» **Material for the task**
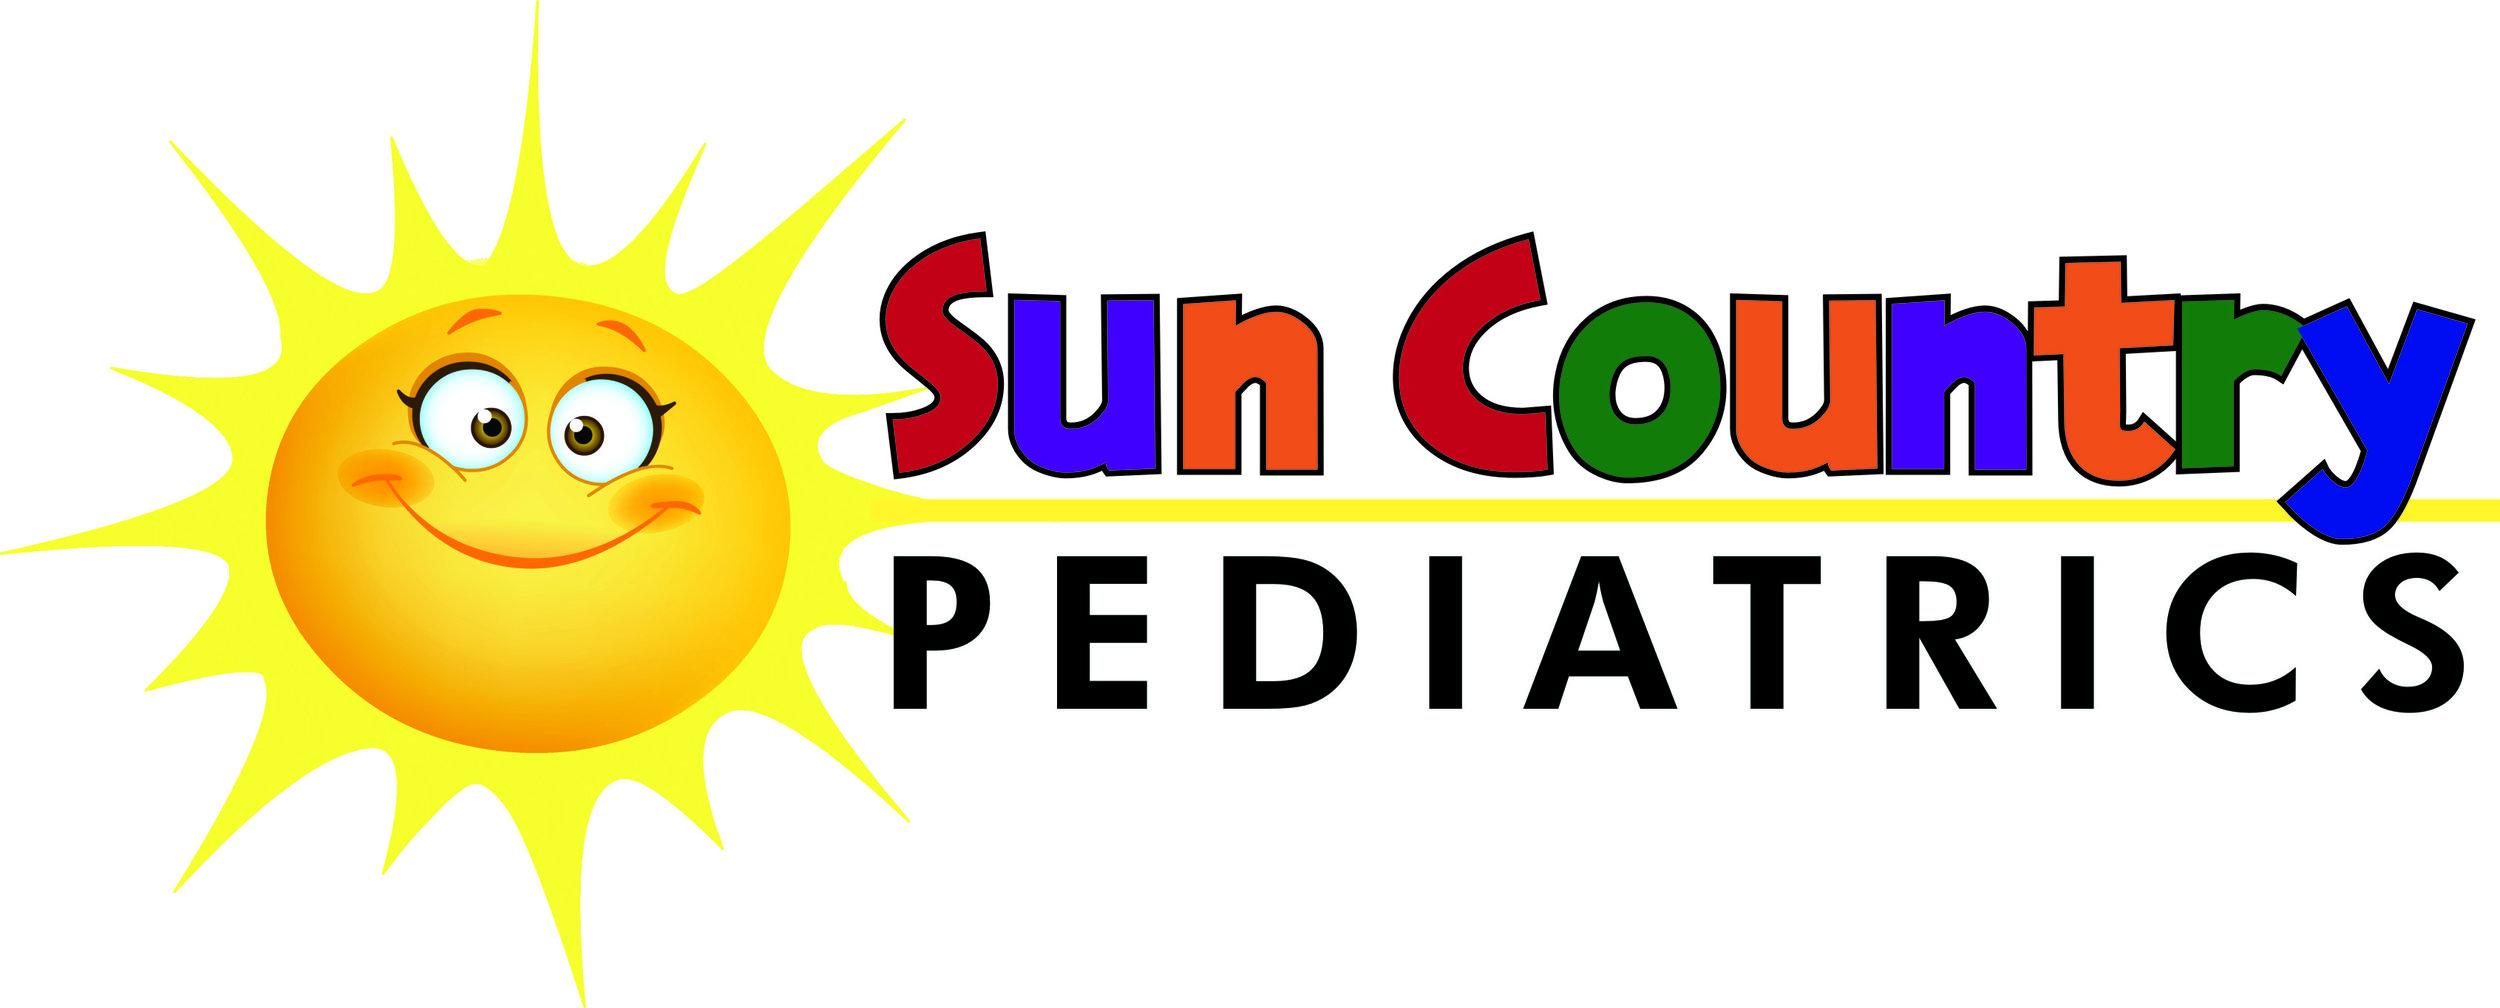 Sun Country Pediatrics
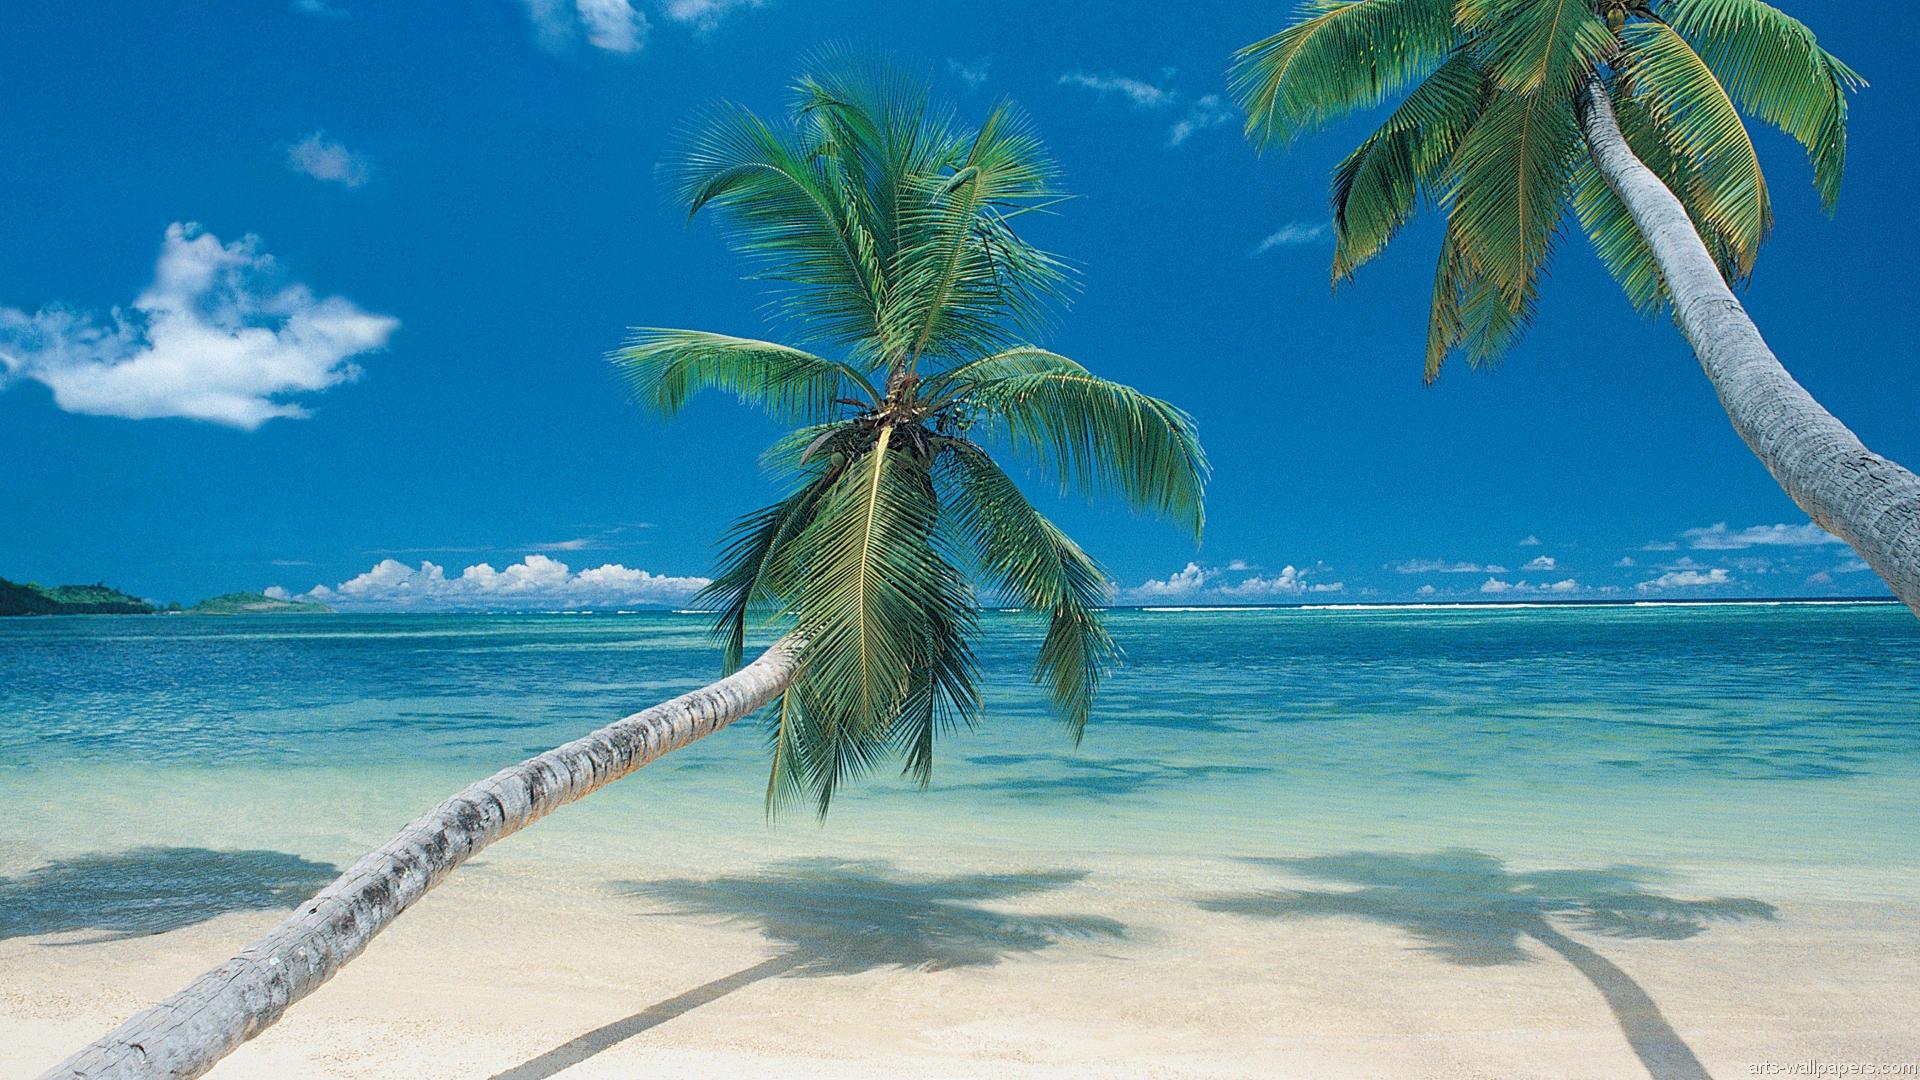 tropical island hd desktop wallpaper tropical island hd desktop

==

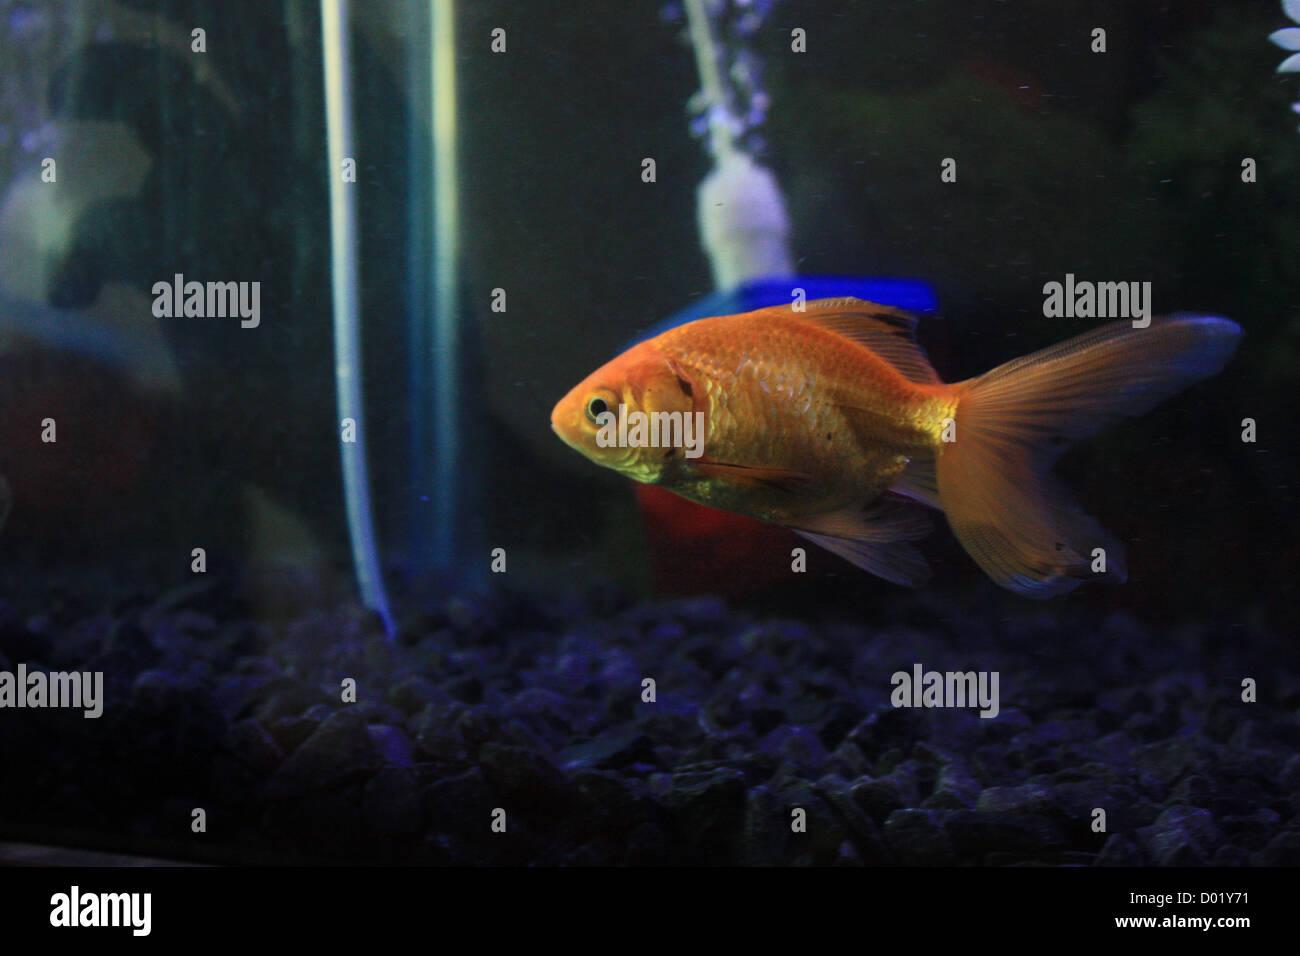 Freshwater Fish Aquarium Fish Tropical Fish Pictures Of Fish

* * *

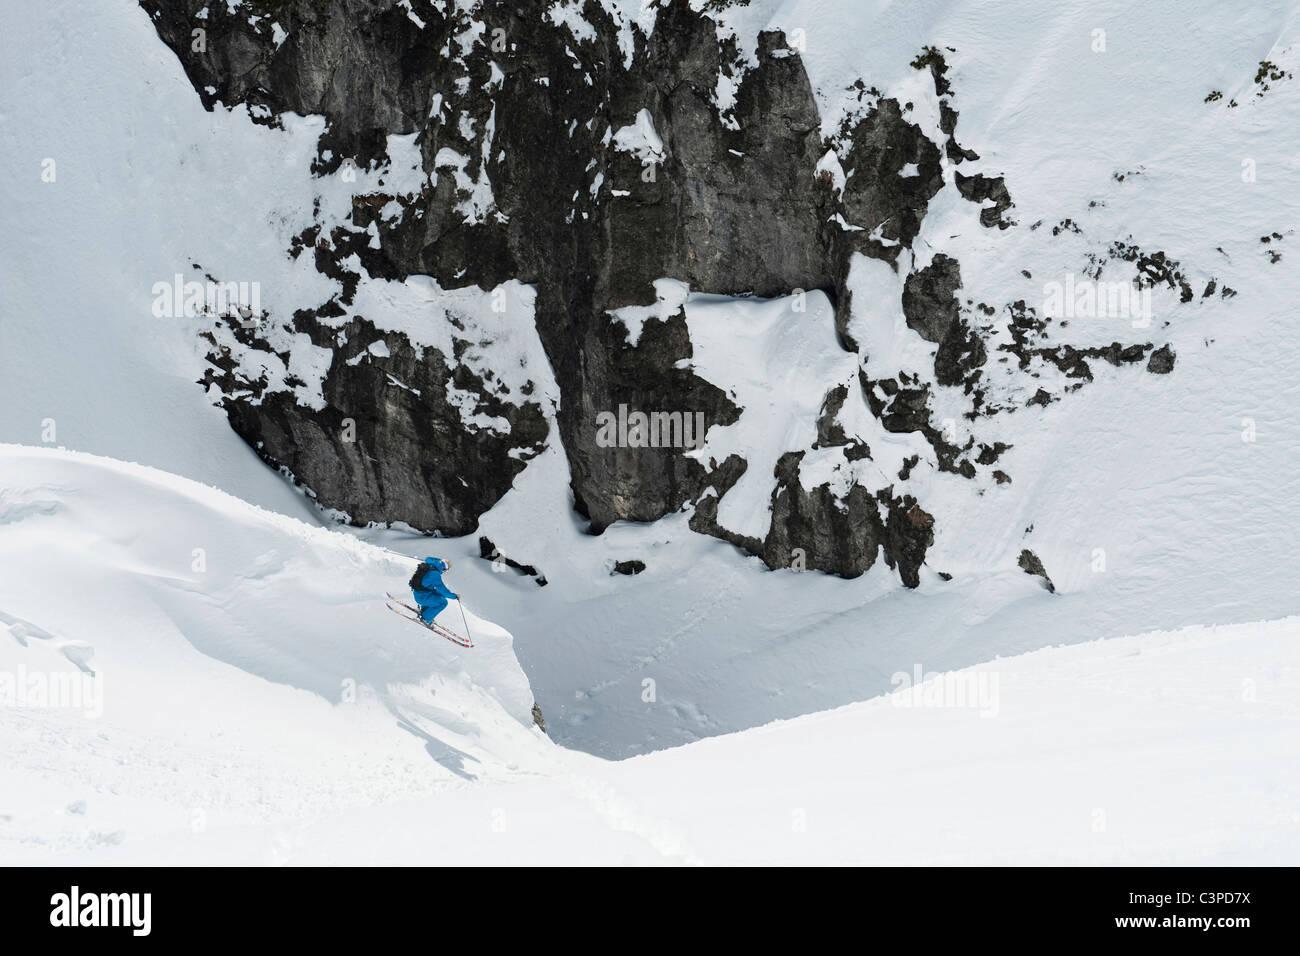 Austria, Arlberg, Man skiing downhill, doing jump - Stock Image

» **Brief**
Find the line with "Sun Country Pediatrics" and the line with "tropical island hd desktop wallpaper" in the records above. Copy both and all lines between them exactly, without pictures.

» **Exercise response**
 Sun Country Pediatrics
 tropical island hd desktop wallpaper tropical island hd desktop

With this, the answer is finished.